In 1967, she followed her brother to Los Angeles, where she too became smitten by the city. “Los Angeles is the most intellectually, culturally and socially stimulating place I’ve ever been to,” she said. She married the late B. Lamar Johnson Jr., the UCLA professor who helped pioneer the study of infectious disease as a sub-specialty of internal medicine.

In 1976, Susan Diamond joined The Times and in 1981 began writing about consumer scams and unfair practices in a weekly column called “For What It’s Worth.”

“She’s always been keen about righting the scales of justice,” said Phyllis Eliasberg, a former reporter at CBS-owned KCAL-TV, Channel 9. Susan’s column became a must read for many businesspeople, including those at the California Trial Lawyers Assn., which honored her with its annual award. “There’s nothing more satisfying than writing about cases that come to judgment,” Susan said.

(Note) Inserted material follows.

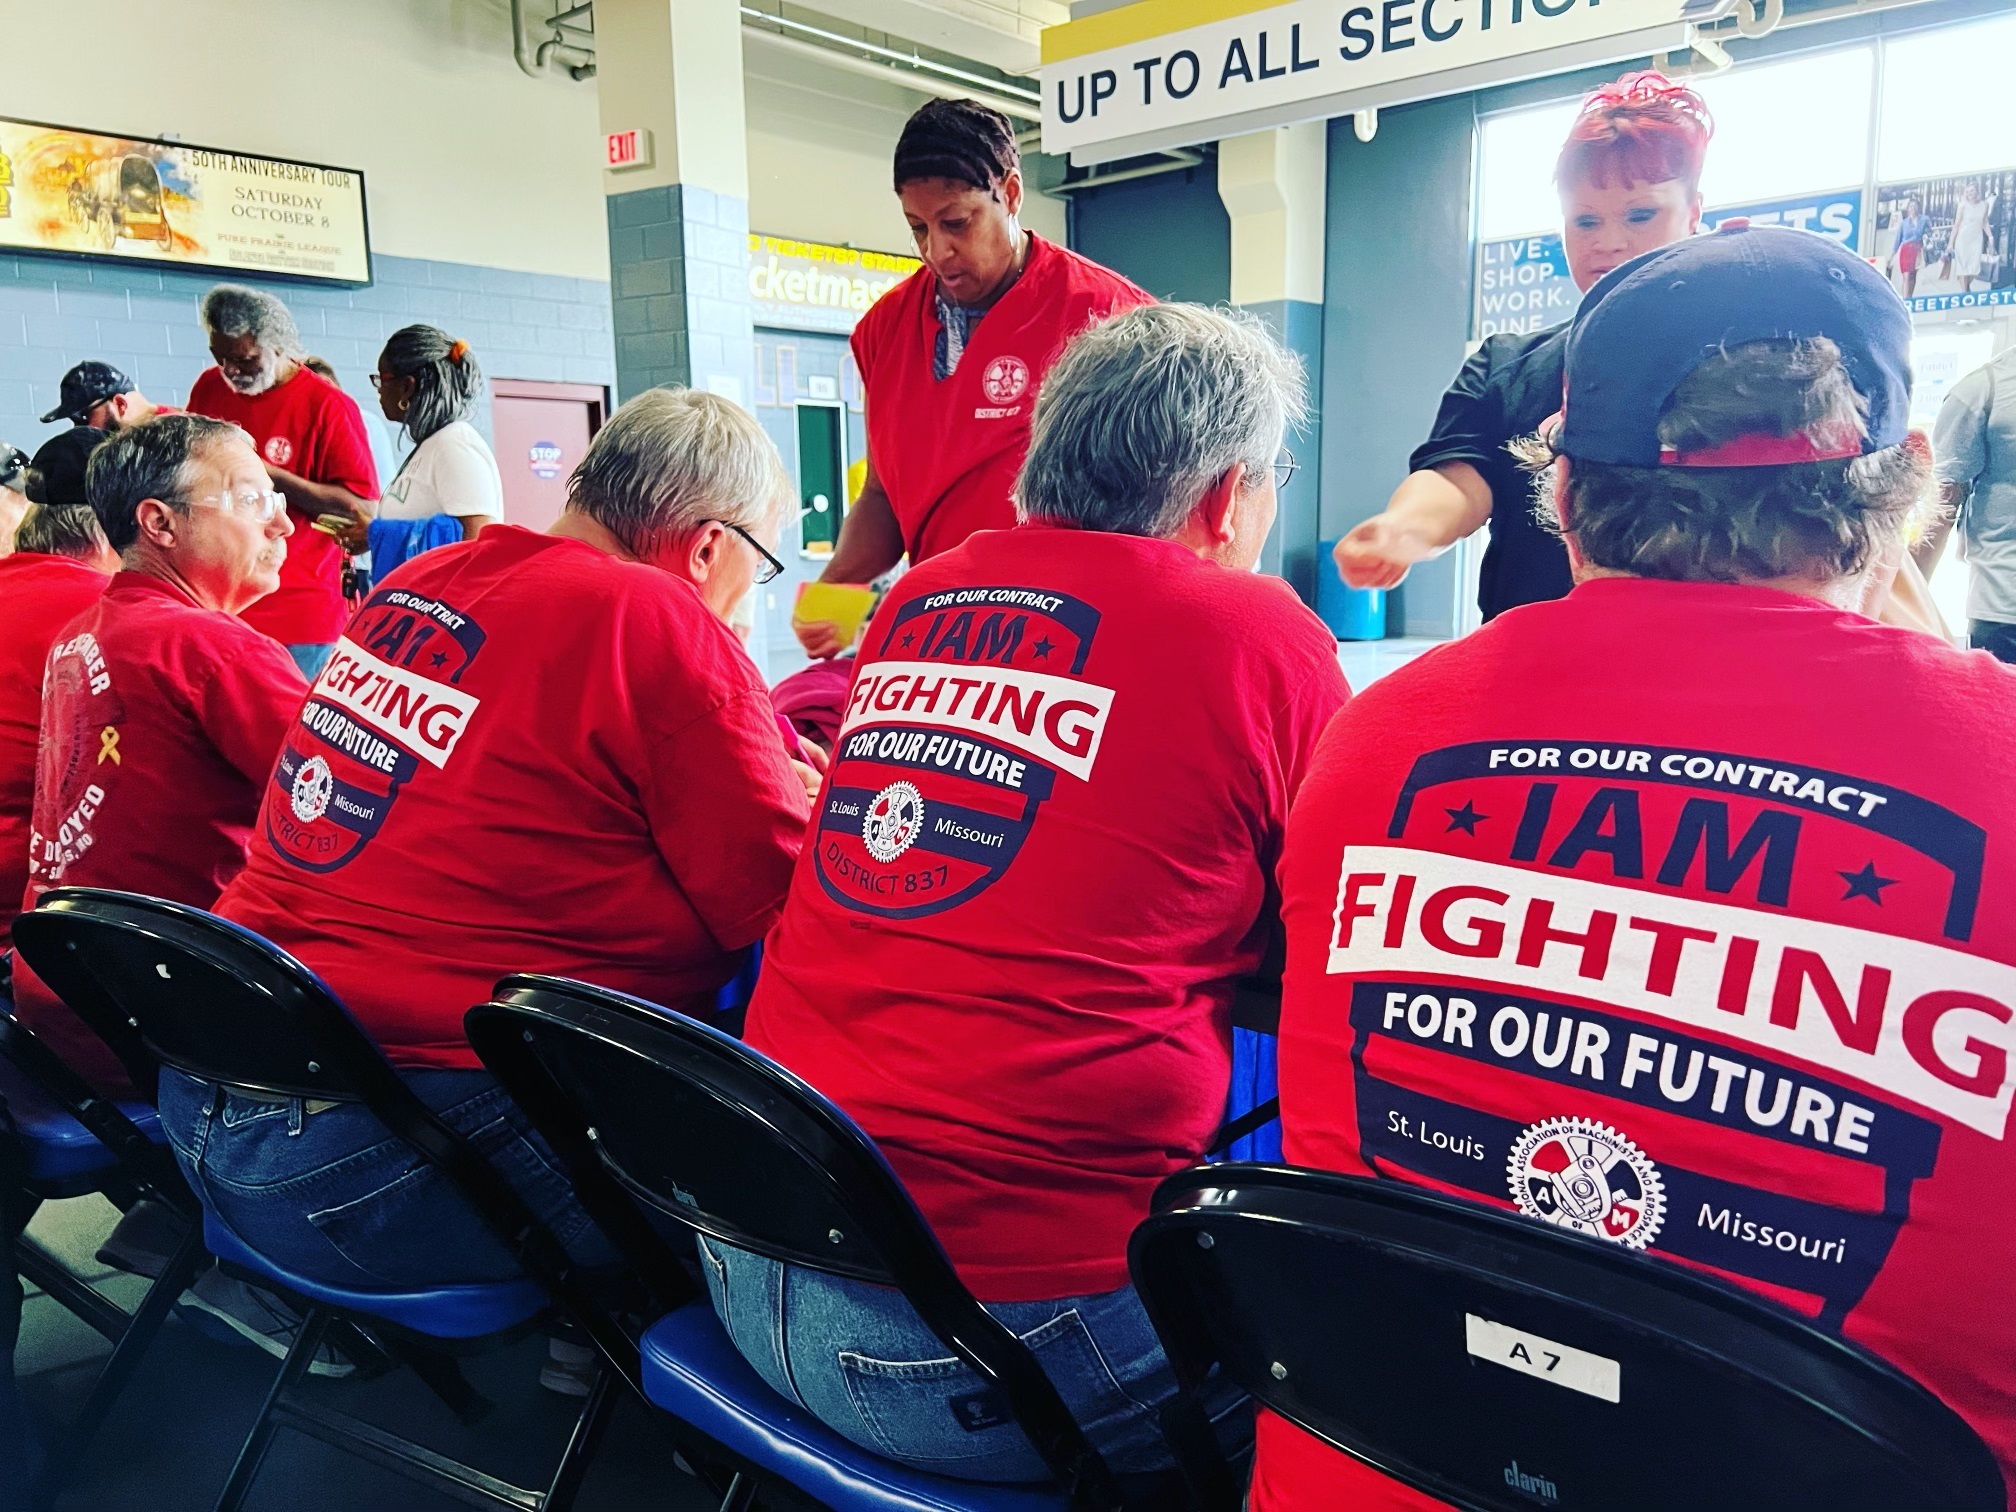 Machinists Union Members at Boeing St. Louis to Vote on Modified Contract Offer, Temporarily Averting Imminent Strike

She retired from journalism in 1994 but continues to write the occasional opinion piece. These days, she’s hard at work on her second novel, which she was reluctant to describe except to say that it’s a caper that will include a male protagonist. “I hope I can pull that off,” she said.

Her years of nonfiction work on financial, legal and tax matters are now being synthesized into her fictional work. About the only thing she regrets about her new direction so far is that she agreed to change her pen name from serious old S.J. to the more reader-friendly Susan: “After all these years, I hardly know her now.” It’s just the inner child, getting a little sweet revenge.